**WORK TO BE COMPLETED**. Since the pictures are not wanted, retype the listing below exactly and without them.

**DATASET CONTENT**.
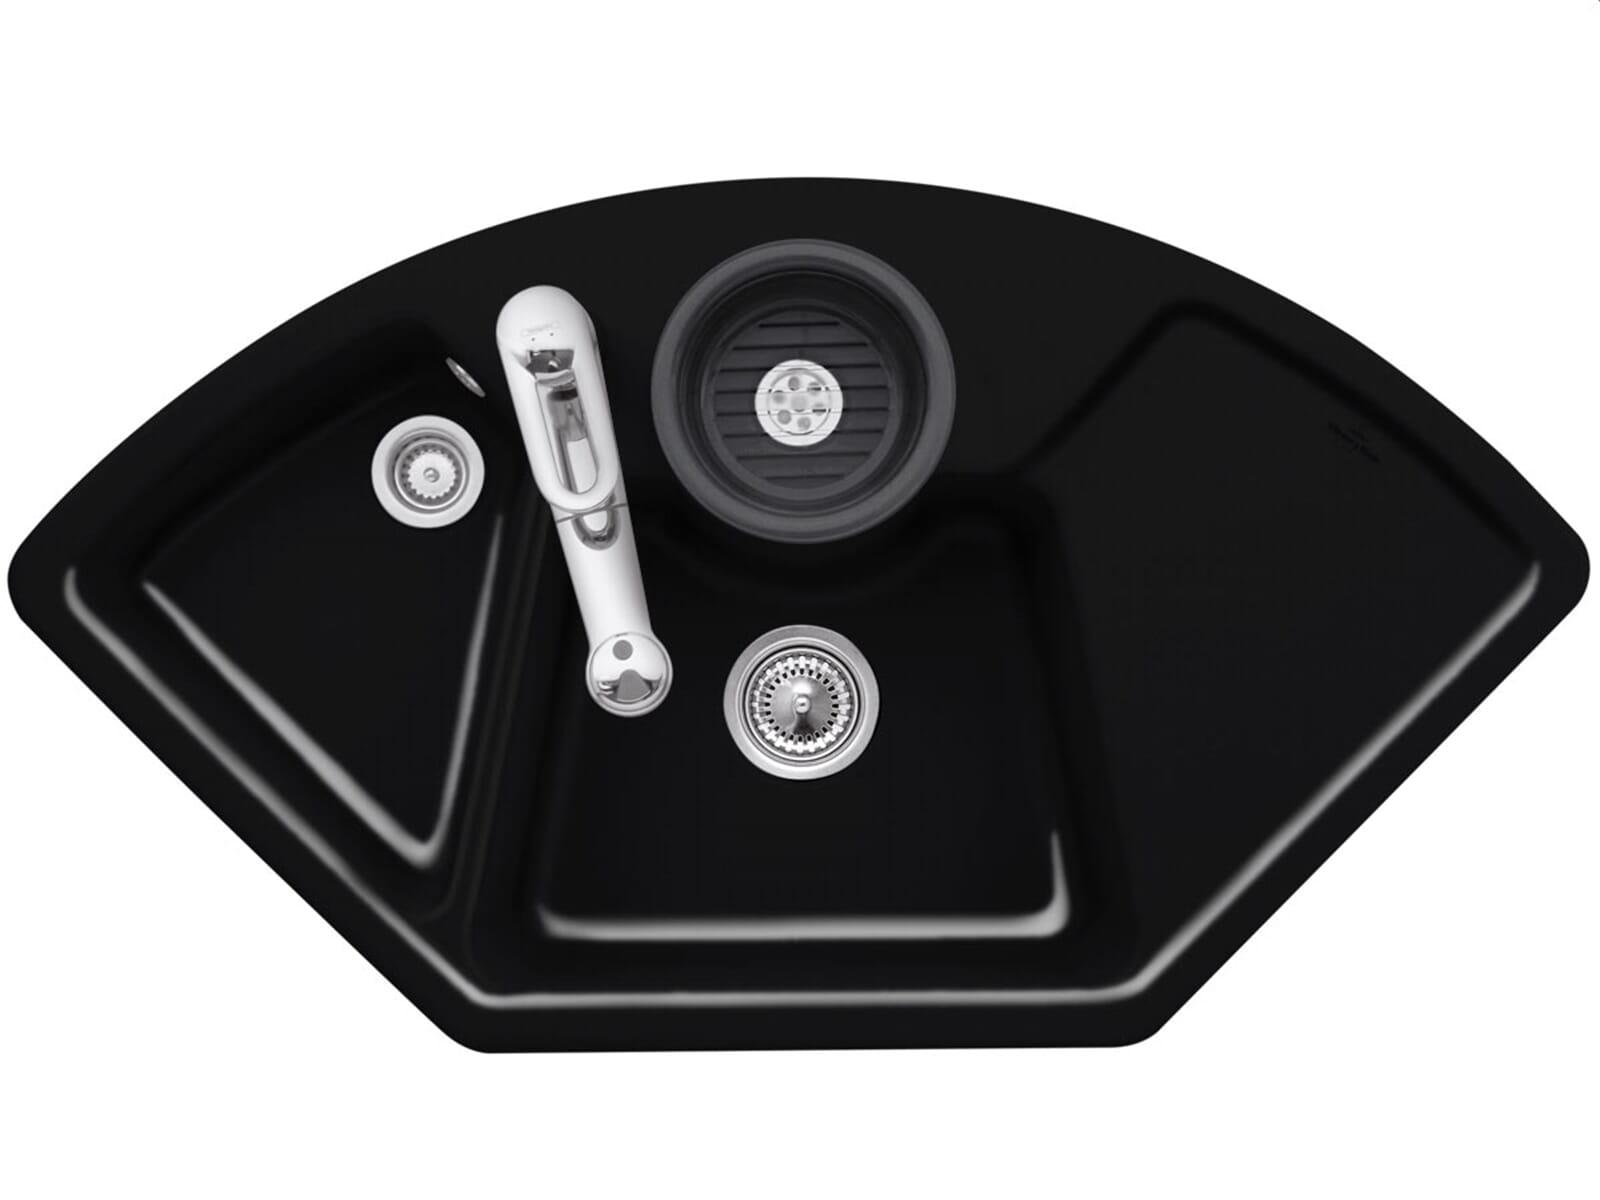 Villeroy & Boch Solo Eck Chromit - 6708 01 J0 Keramikspüle Handbetätigung
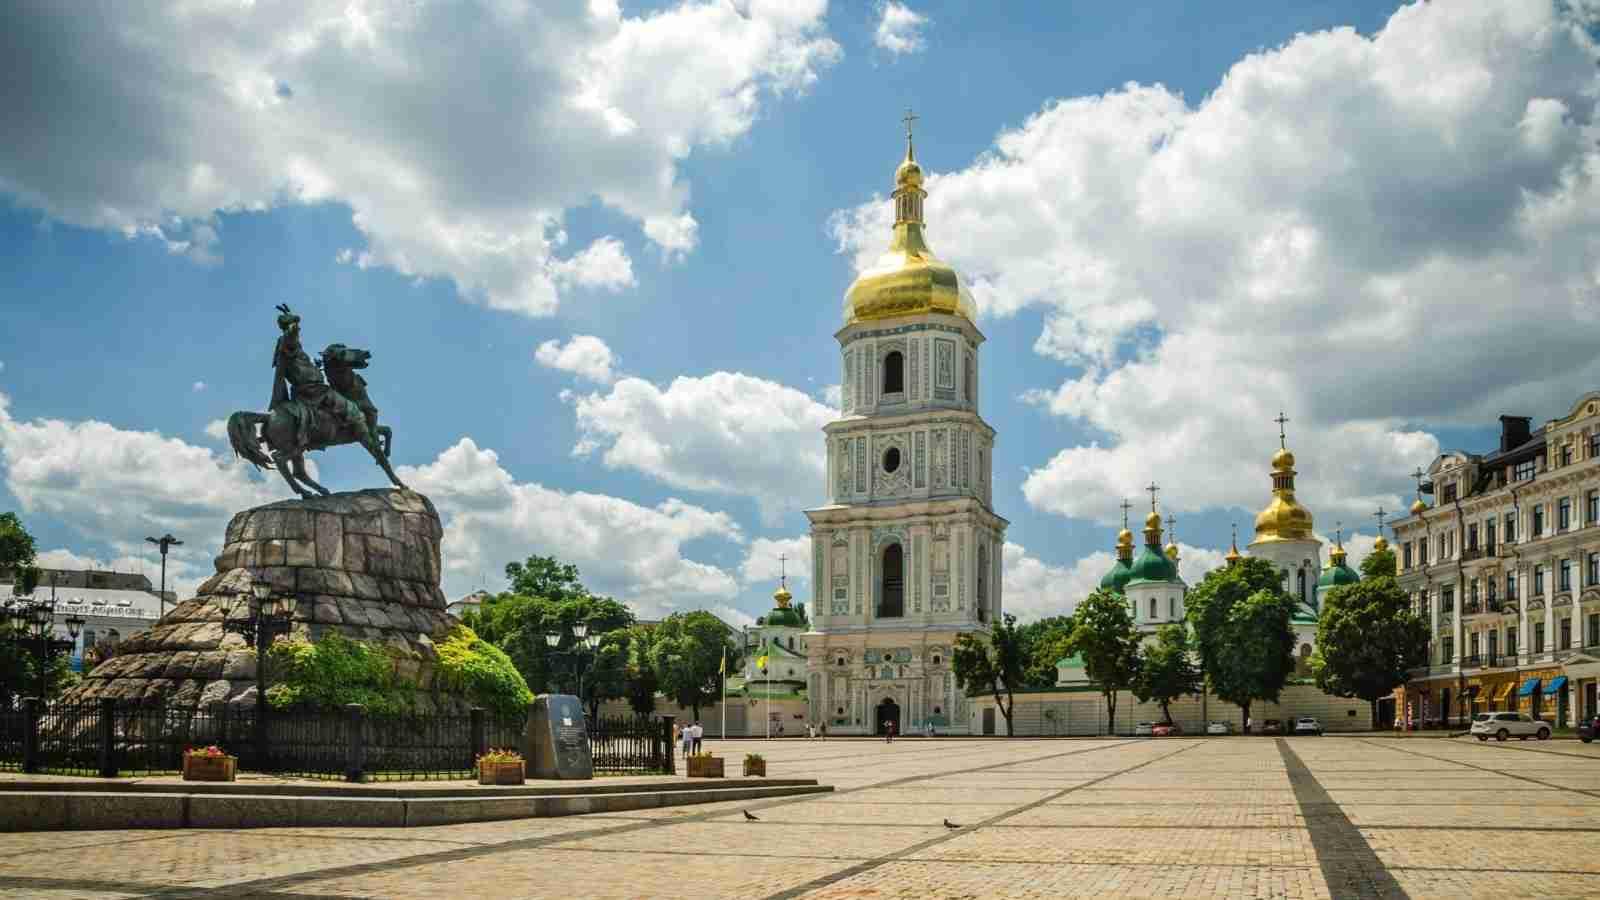 ukraine-kiev-sofias-square-1600x900
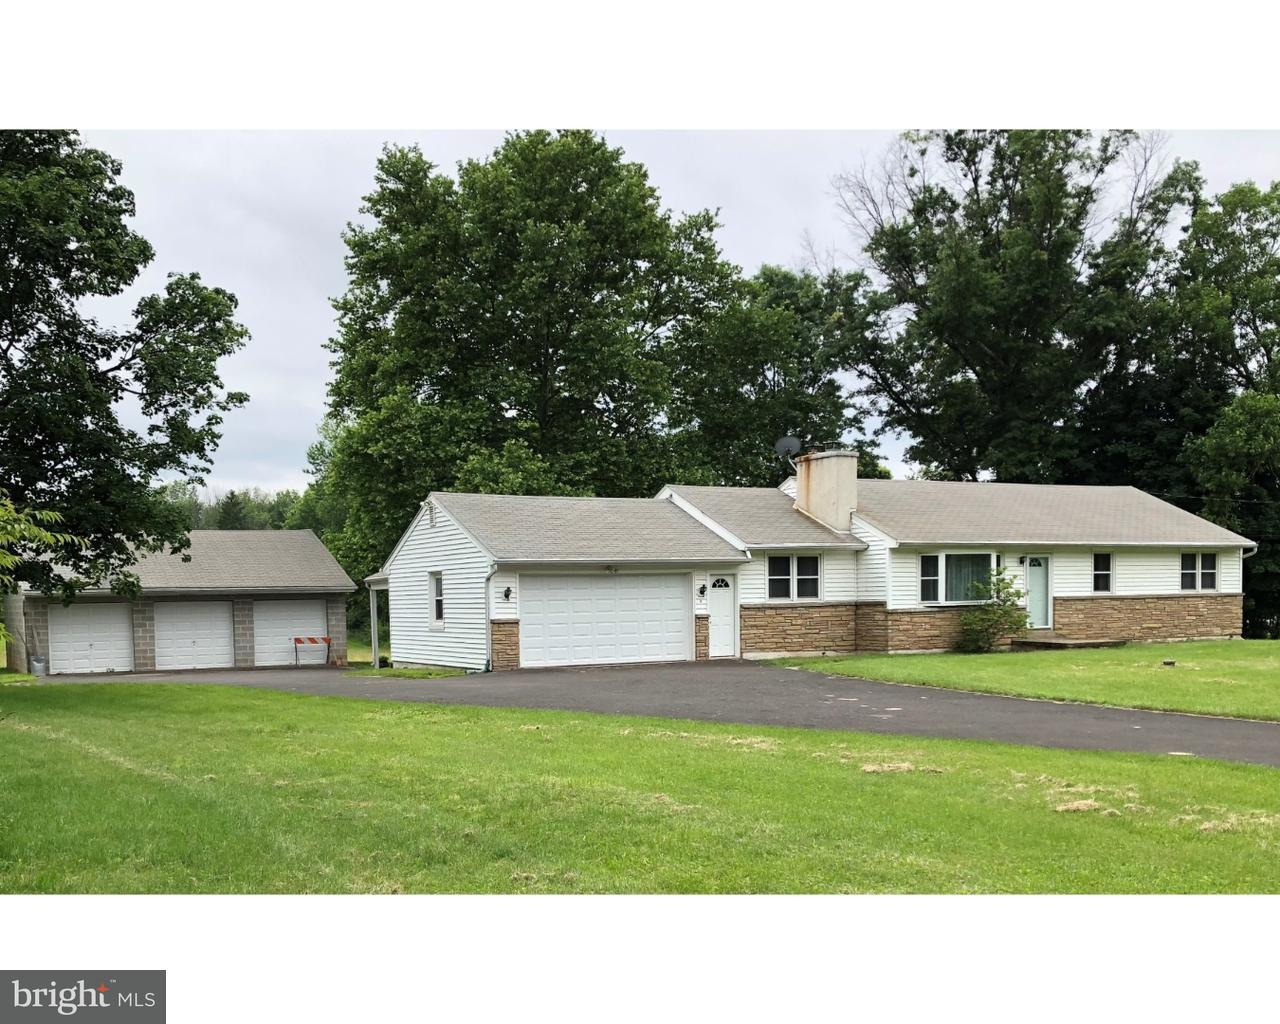 sc 1 st  Bucks County & 285 EDISON FURLONG ROAD DOYLESTOWN PA 18901 - Pennsylvania 1001939146
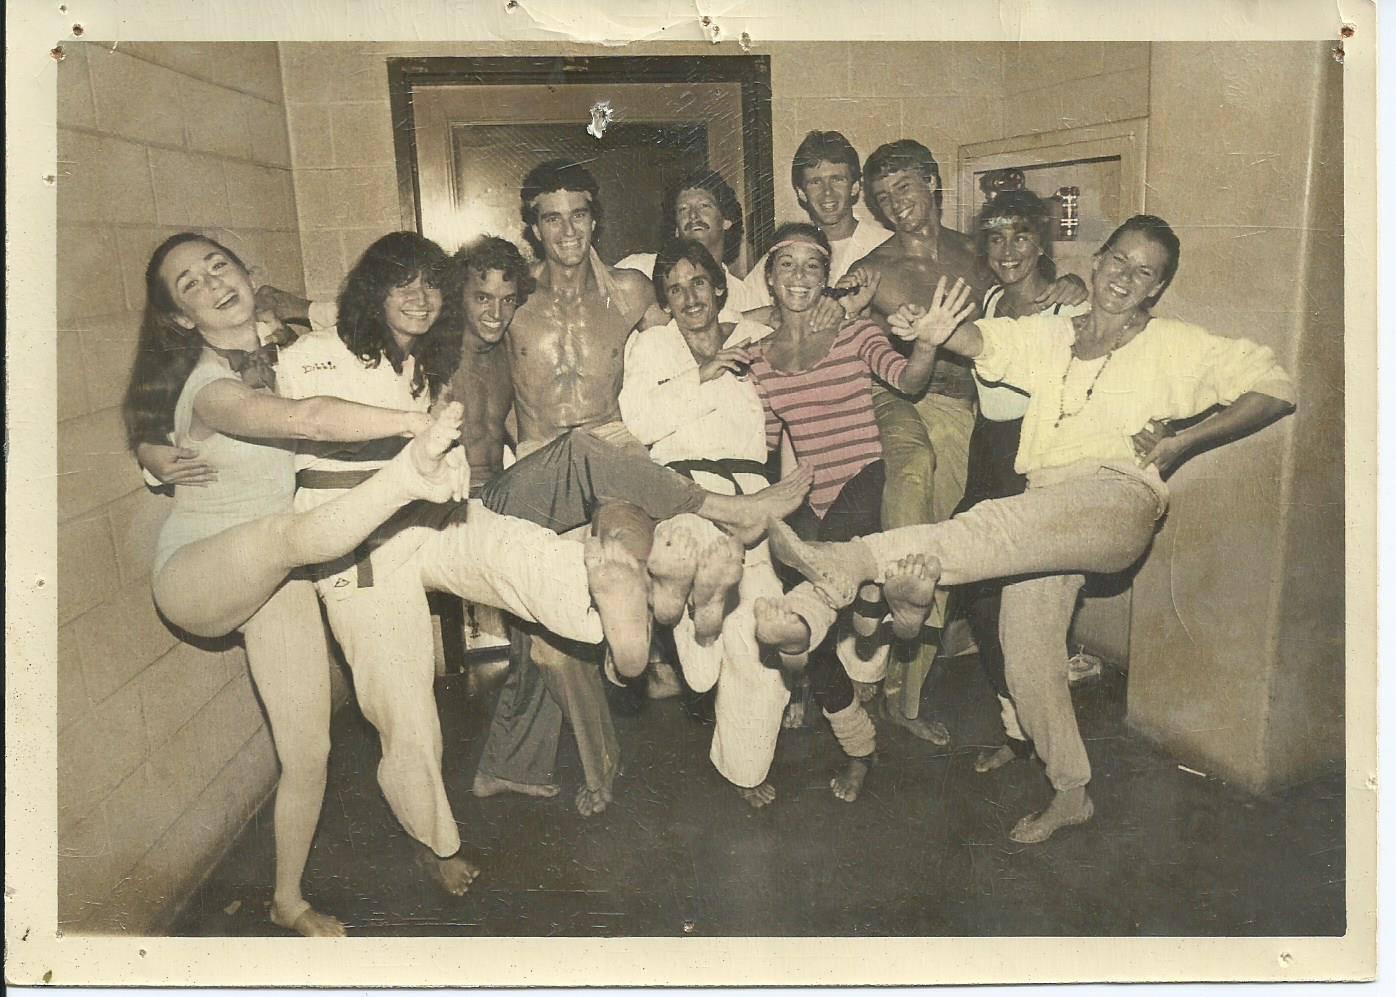 Body Arts Performance - 1984

**ANSWER BELOW**.
 Villeroy & Boch Solo Eck Chromit - 6708 01 J0 Keramikspüle Handbetätigung
 ukraine-kiev-sofias-square-1600x900
 sc 1 st  Bucks County & 285 EDISON FURLONG ROAD DOYLESTOWN PA 18901 - Pennsylvania 1001939146
 Body Arts Performance - 1984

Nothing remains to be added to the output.